Acronym: GFO ID: http://www.onto-med.de/ontologies/gfo.owl#Relational_role prefixIRI: gfo:Relational_role Result: ---

Acronym: UNITSONT ID: http://mimi.case.edu/ontologies/2009/1/UnitsOntology#base_unit prefixIRI: unit:base_unit Result: ---

Acronym: ICF ID: http://who.int/icf#b126 prefixIRI: b126 Result: ---

Acronym: EDAM ID: http://edamontology.org/data_1598 prefixIRI: data_1598 Result: data:1598

Acronym: PMA ID: http://www.bioontology.org/pma.owl#PMA_357 prefixIRI: PMA_357 Result: PMA:357

Acronym: NDF-RT ID: http://evs.nci.nih.gov/ftp1/NDF-RT/NDF-RT.owl#N0000011165 prefixIRI: N0000011165 Result: ---

matthewhorridge commented 4 months ago

@mdorf I have updated your post with results. The basic algorithm is:

1) Find this regex in the ID: ([A-Za-z]+)_([0-9]+)$ 2) If found, then the "OboId" is formed from the regex result as $1:$2

This regex might be a little bit conservative but I'd prefer to stick to this for now.

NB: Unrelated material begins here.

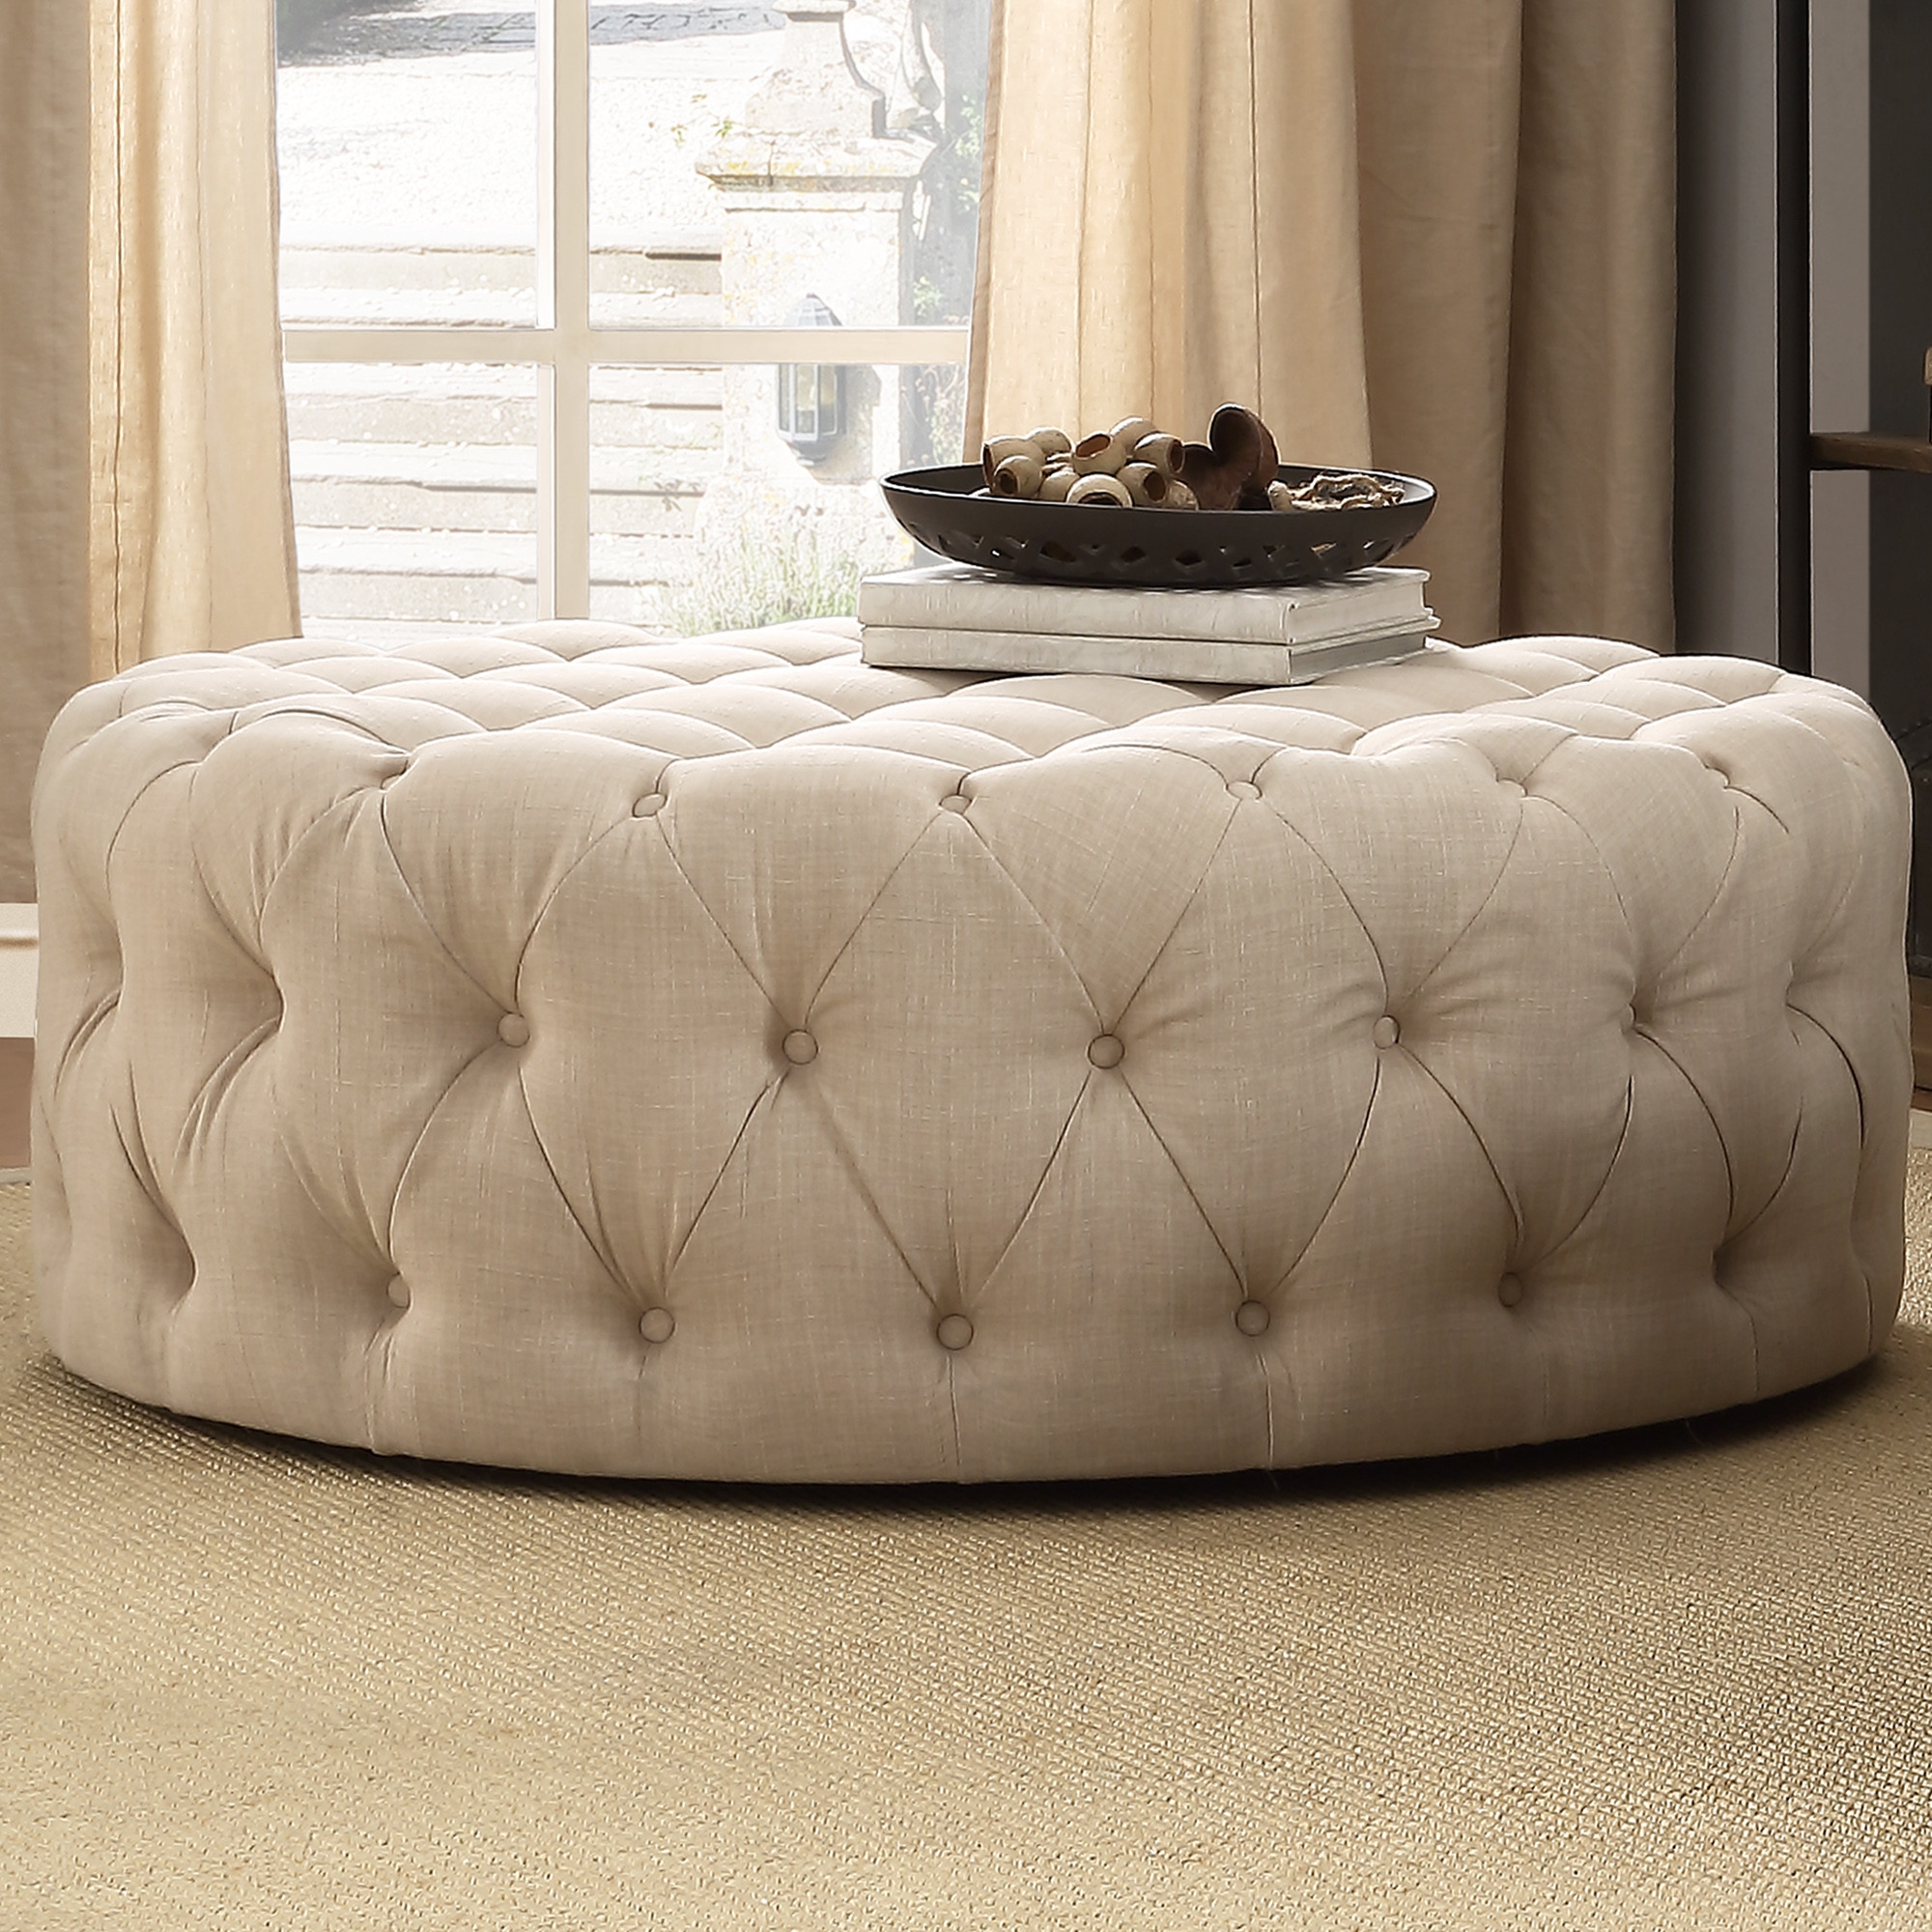 Bourges Round Tufted Cocktail Ottoman - Beige - Image 2

I think the name of the field should be OboId (i.e. where we currently have result).

If the $1 group match is equal to the ontology ancronym then this result should be boosted to be the top search result

Note that NCIT is a special case here because we don't have the OBO version of it in BioPortal

mdorf commented 4 months ago

Thank you, @matthewhorridge for documenting these. It seems NCIT is a special case for both rules 1. and 2., correct? It does not match the regex AND the prefix of the OBO ID is formed using the ontology acronym instead of the $1 match.

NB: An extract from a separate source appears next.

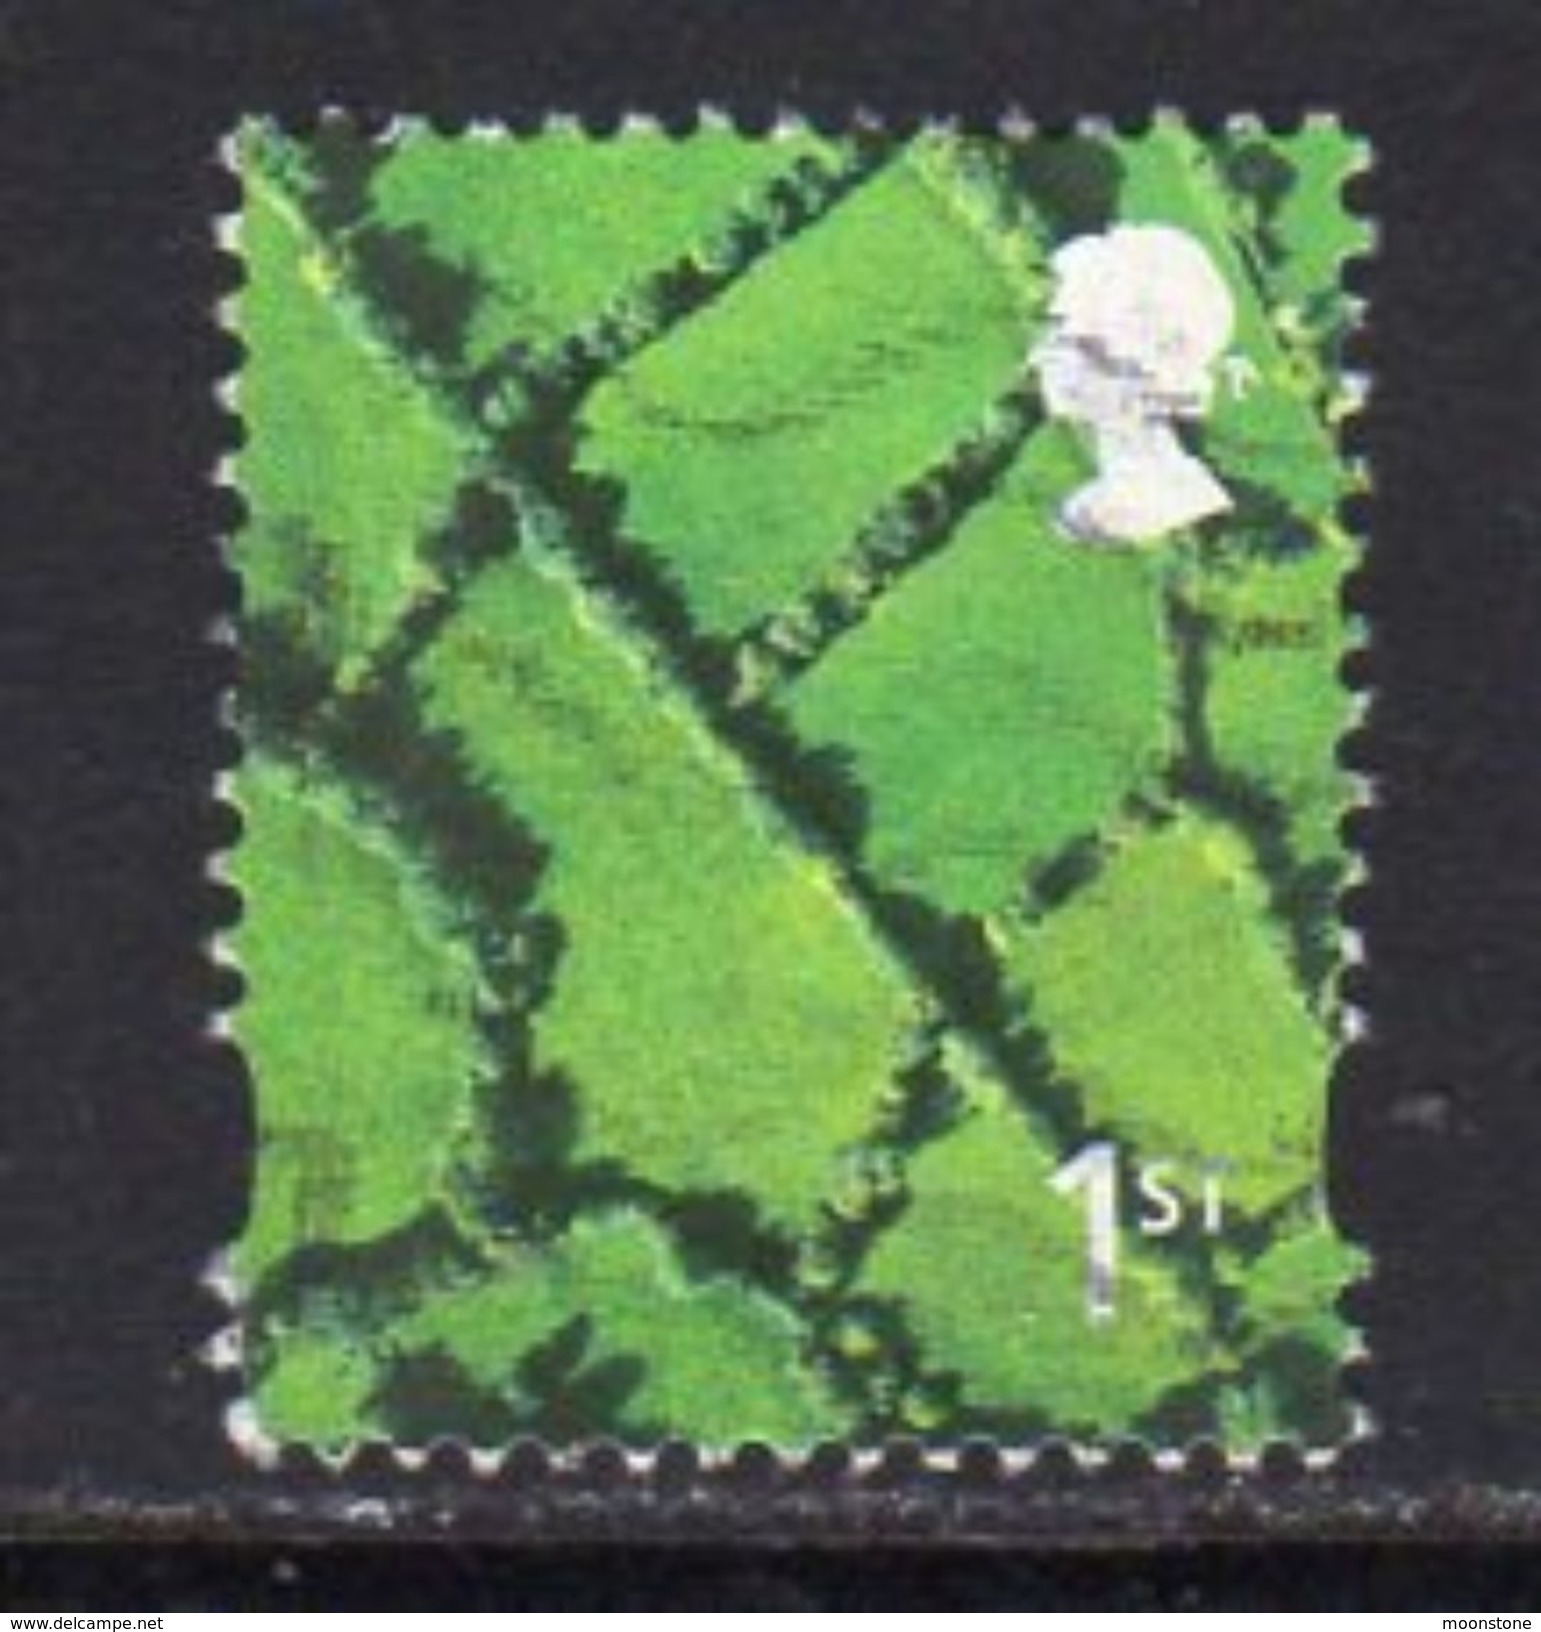 GB N. Ireland 2001-3 1st Class No Border Regional Country, Used, SG 90 - Nordirland

matthewhorridge commented 4 months ago

Yes, that's right. One possibility is that if the above rules fail to match the regex then,

If the term ID starts with the ontology IRI, (1) remove the ontology IRI matching part, (2) next remove the first character of the remaining part (# or / would be expected) and then (3) take the ontology acronym append a colon and append the remaining term ID characters. For example,

Given, http://ncicb.nci.nih.gov/xml/owl/EVS/Thesaurus.owl#C20047 with an ontology IRI of http://ncicb.nci.nih.gov/xml/owl/EVS/Thesaurus.owl and an ontology acronym of NCIT,

(1) Remove http://ncicb.nci.nih.gov/xml/owl/EVS/Thesaurus.owl from the term ID, to give #C20047. (2) Remove the next character, #, to give C20047 (3) Concatentate the ontology acronym (NCIT) with a colon and the remainder of the term ID i.e. NCIT:C20047

mdorf commented 4 months ago

If the term ID starts with the ontology IRI

The only issue with that is that we don't expose the ontology IRI via our API or store it as metadata at the moment.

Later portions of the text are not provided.